#### Your goal:
Every line of the listing must be reproduced as it stands. Leave the images behind.

#### Data section:
- - - -

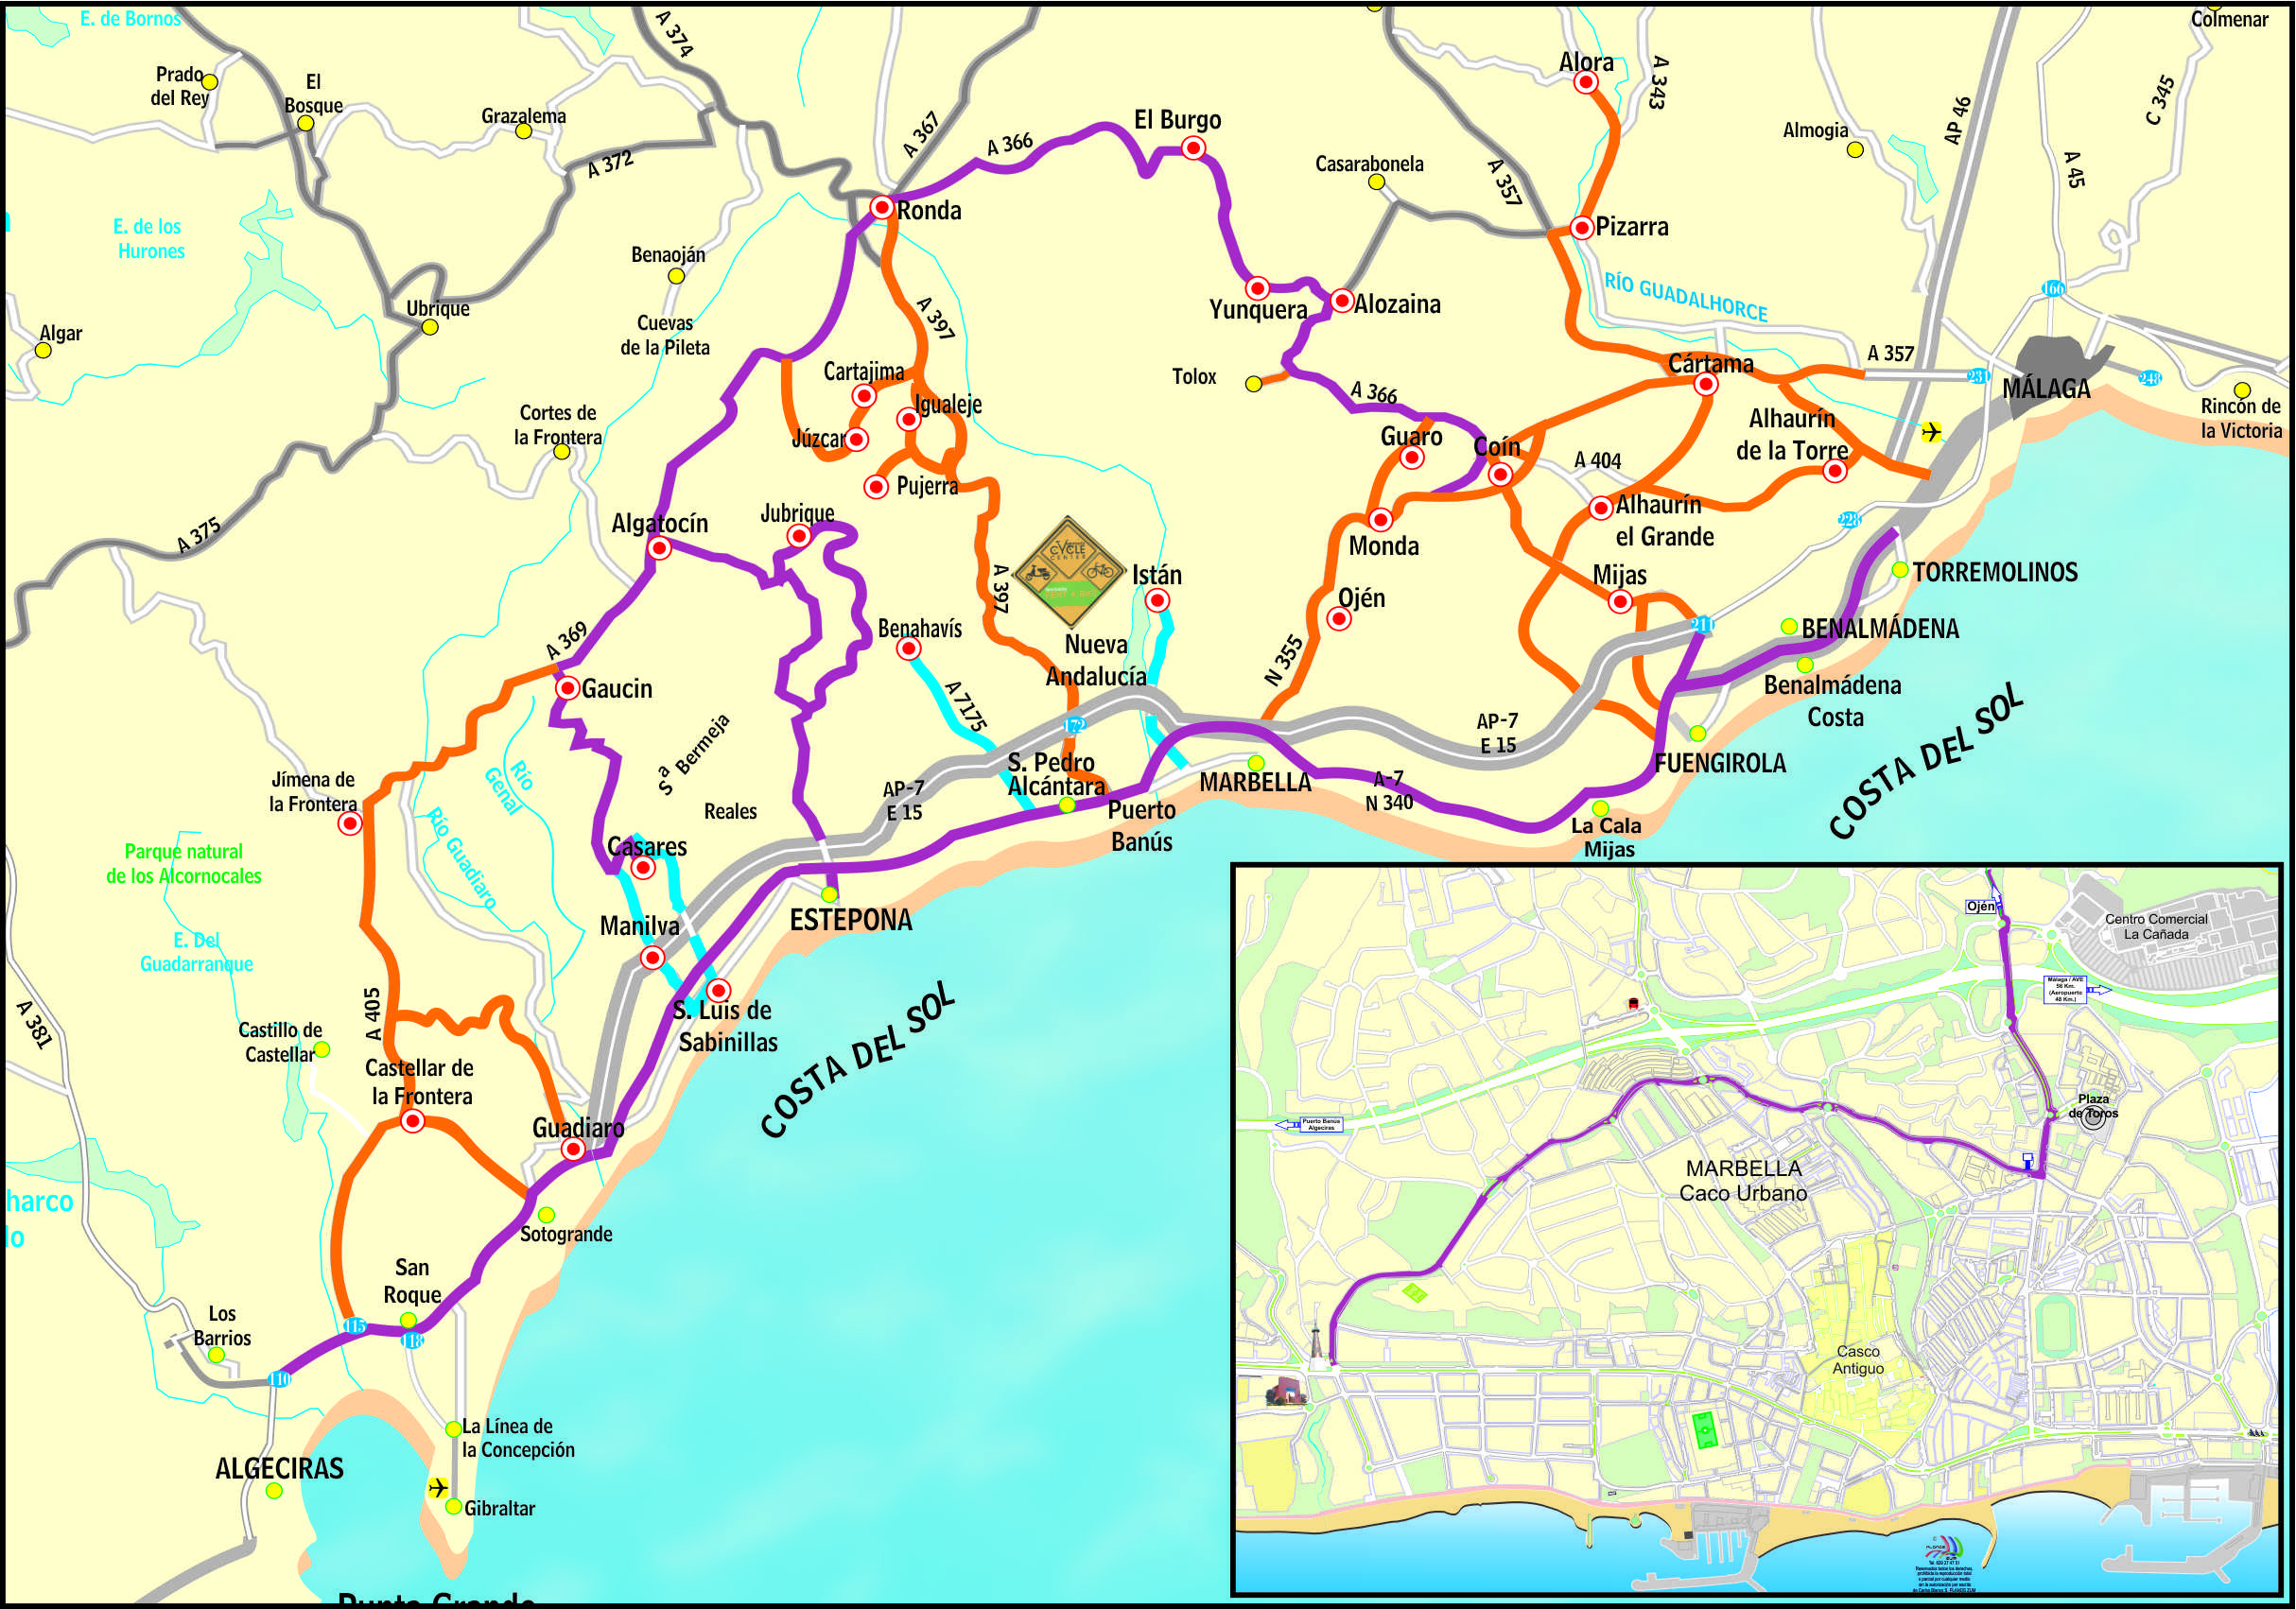 Marbella Map
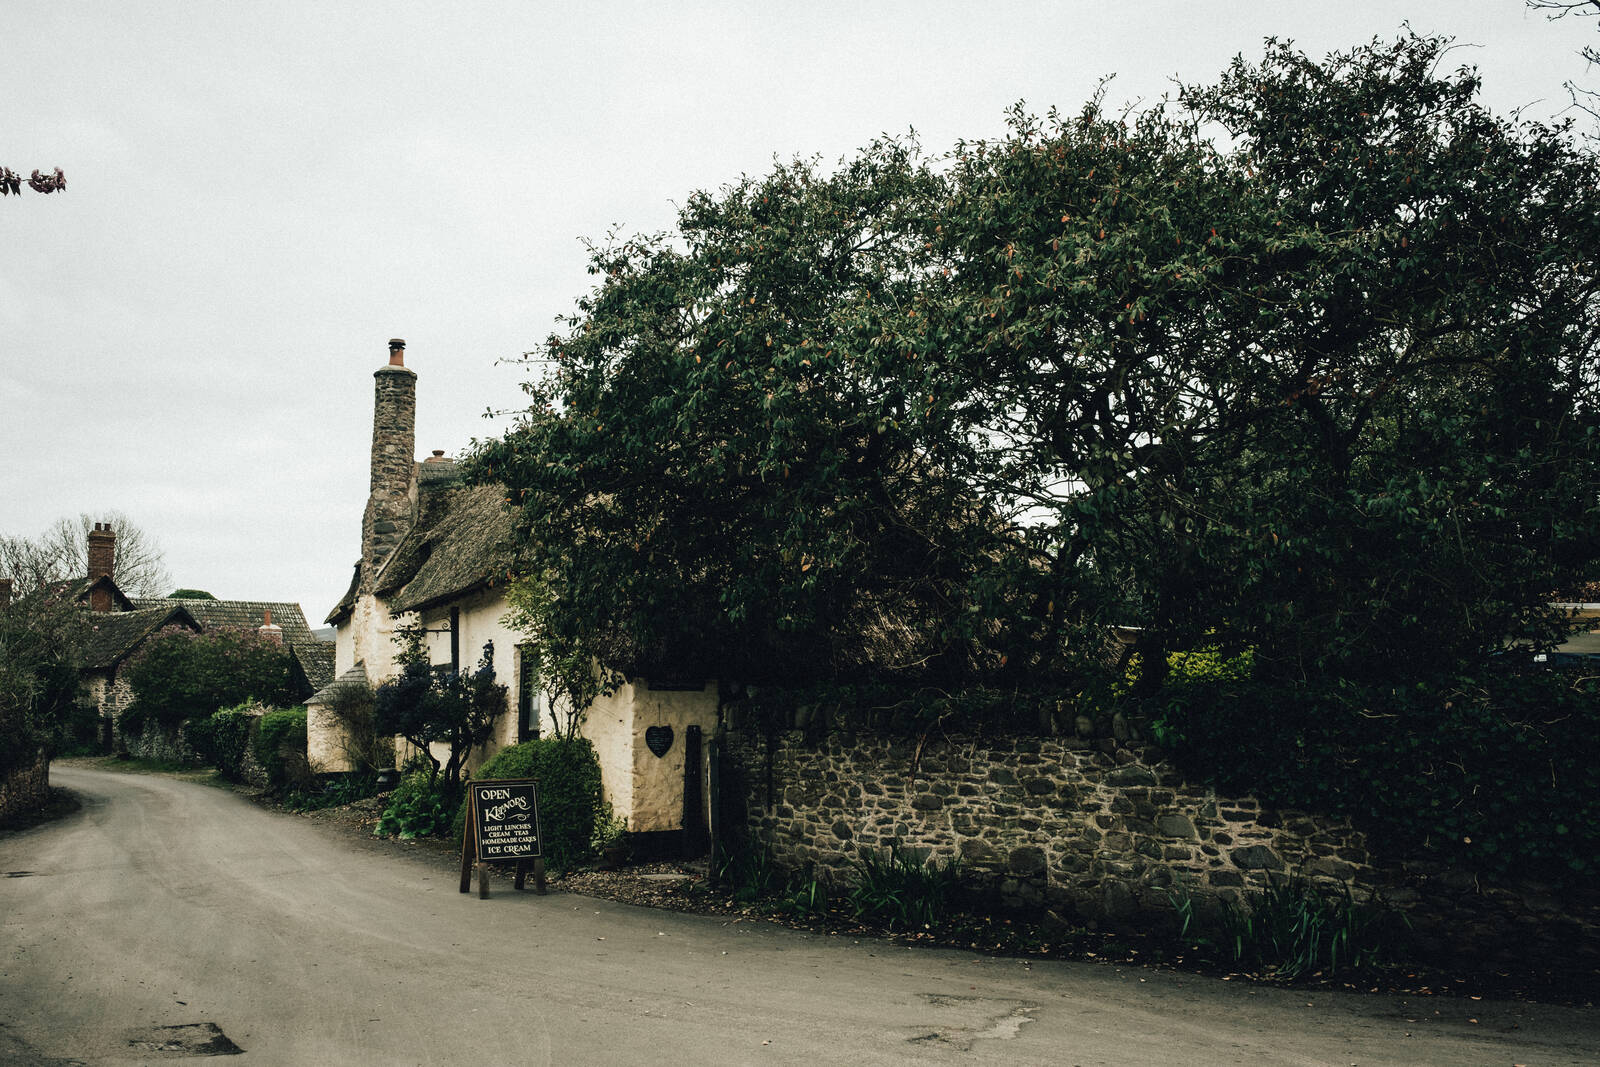 Image of Bossington Village by Dan Rayner
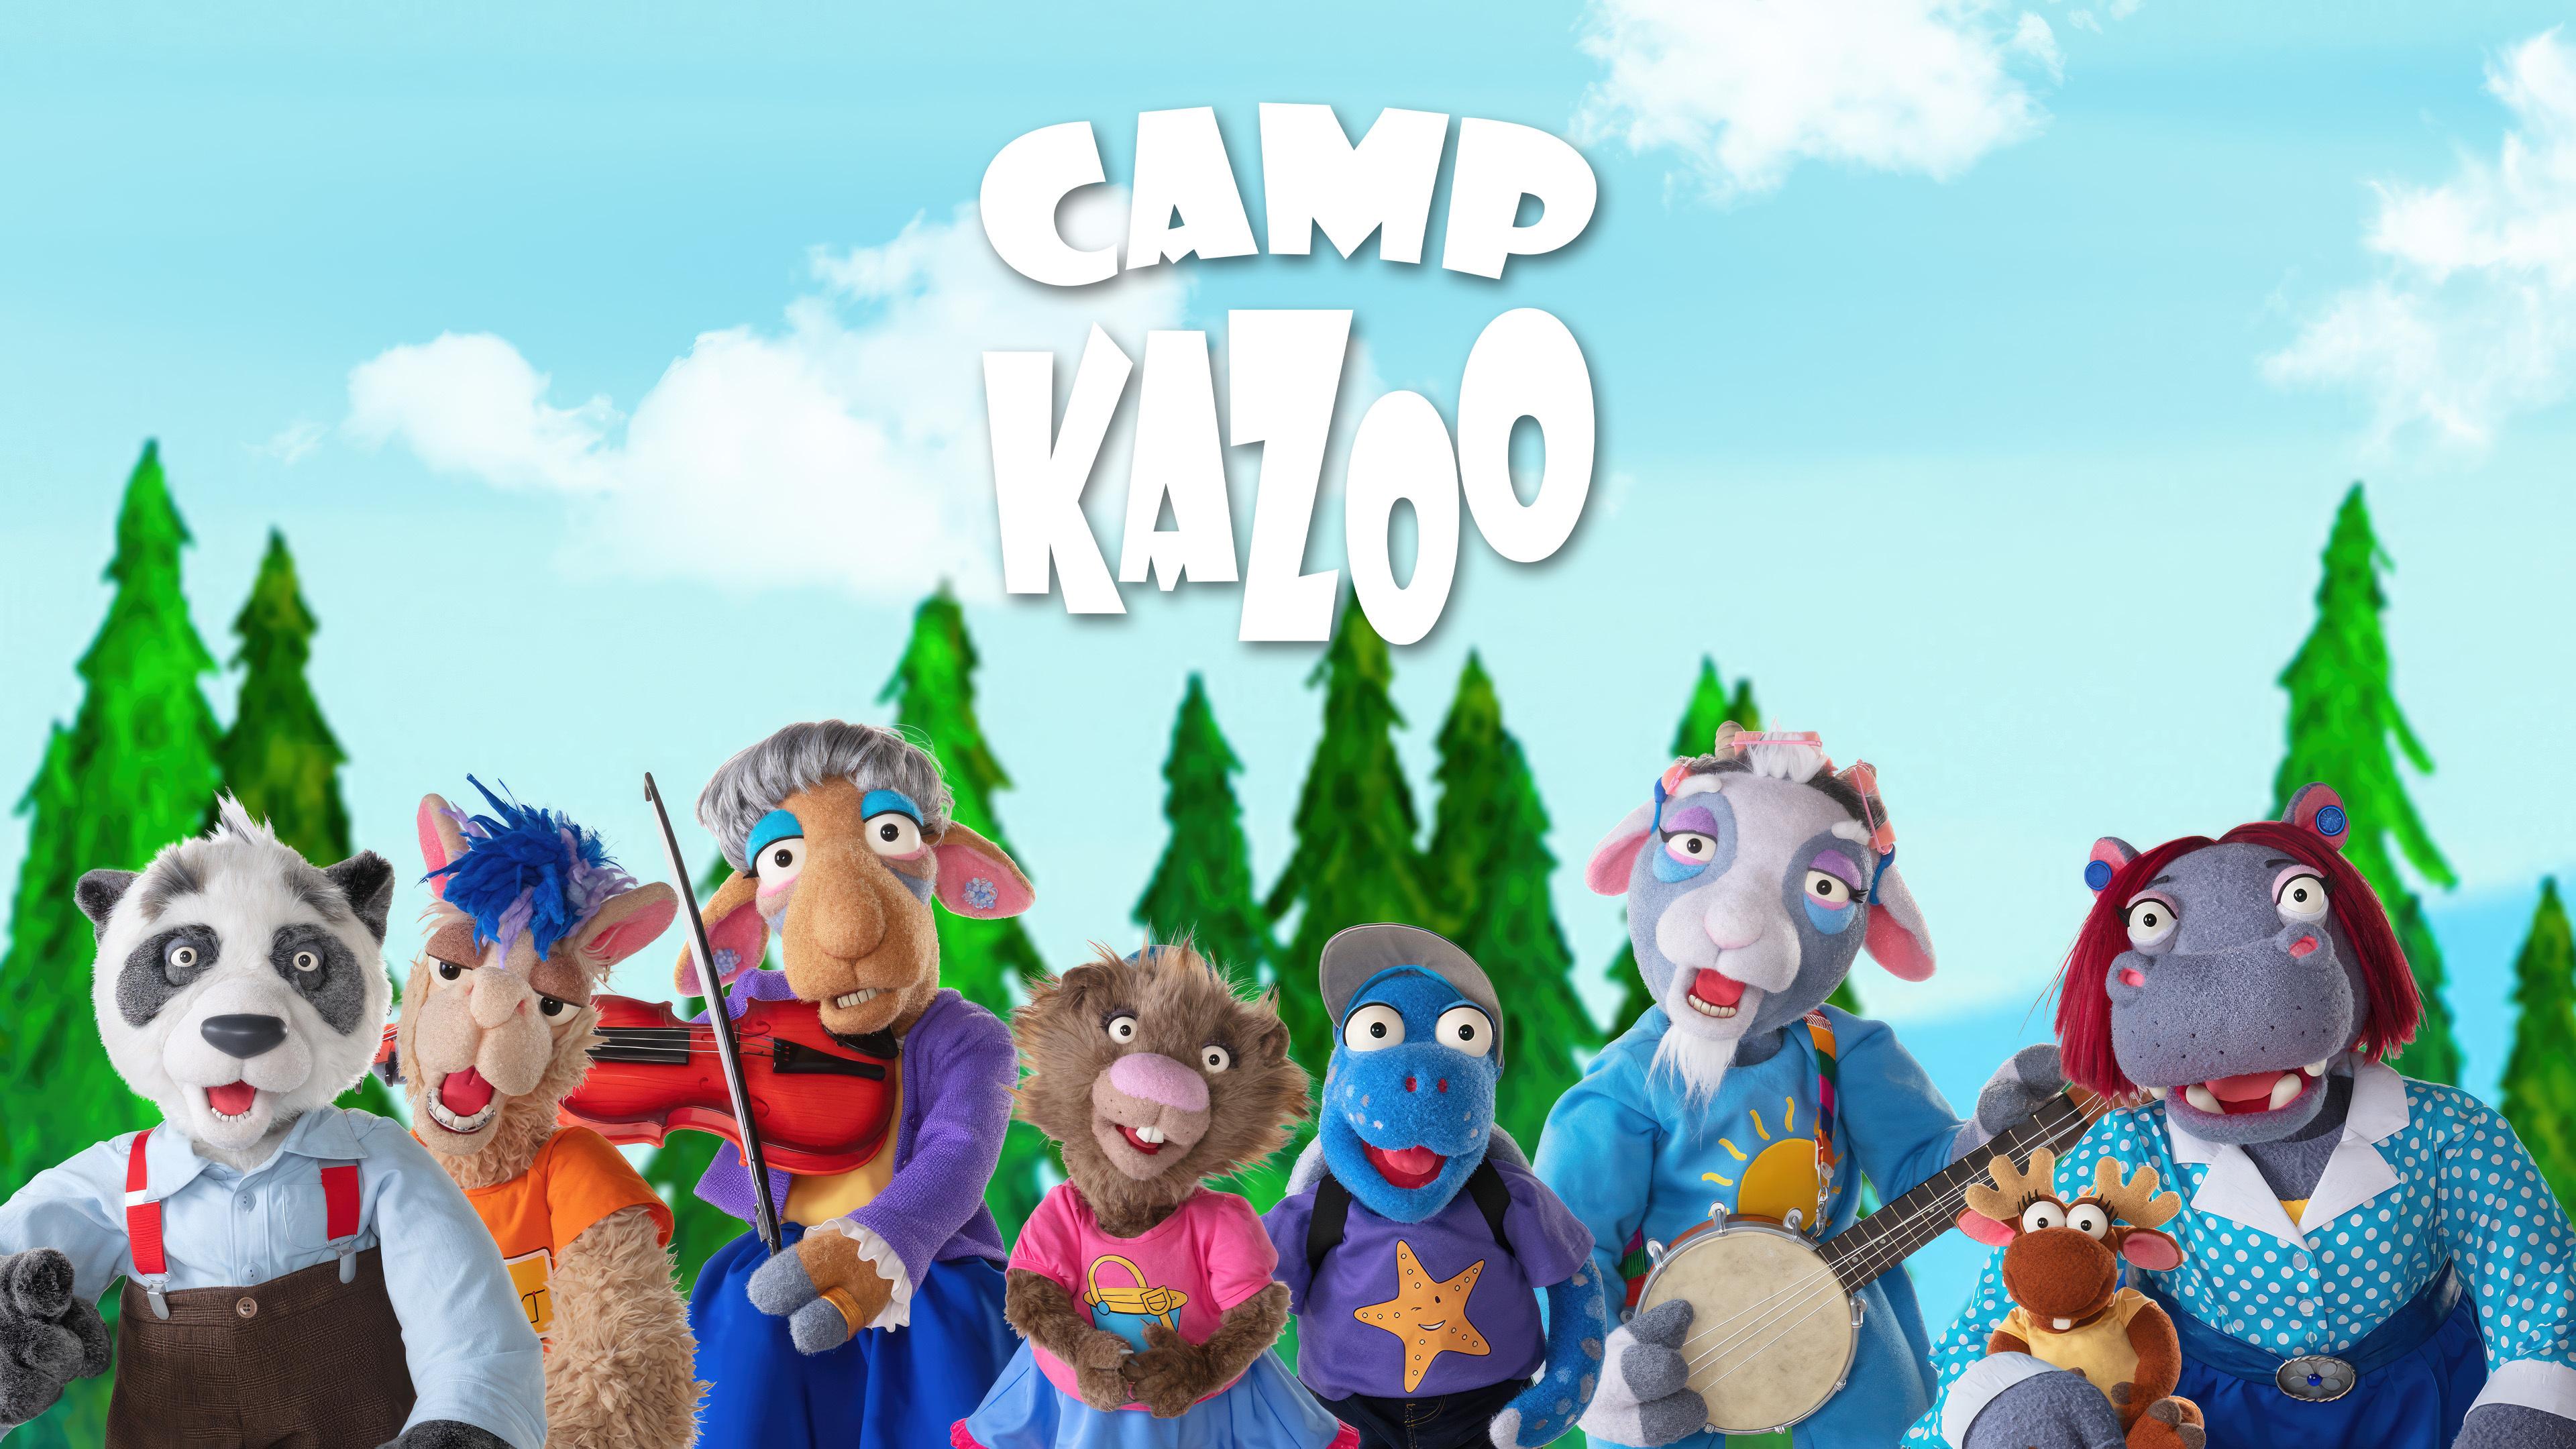 Camp Kazoo

- - - -

#### Reply to the task:
 Marbella Map
 Image of Bossington Village by Dan Rayner
 Camp Kazoo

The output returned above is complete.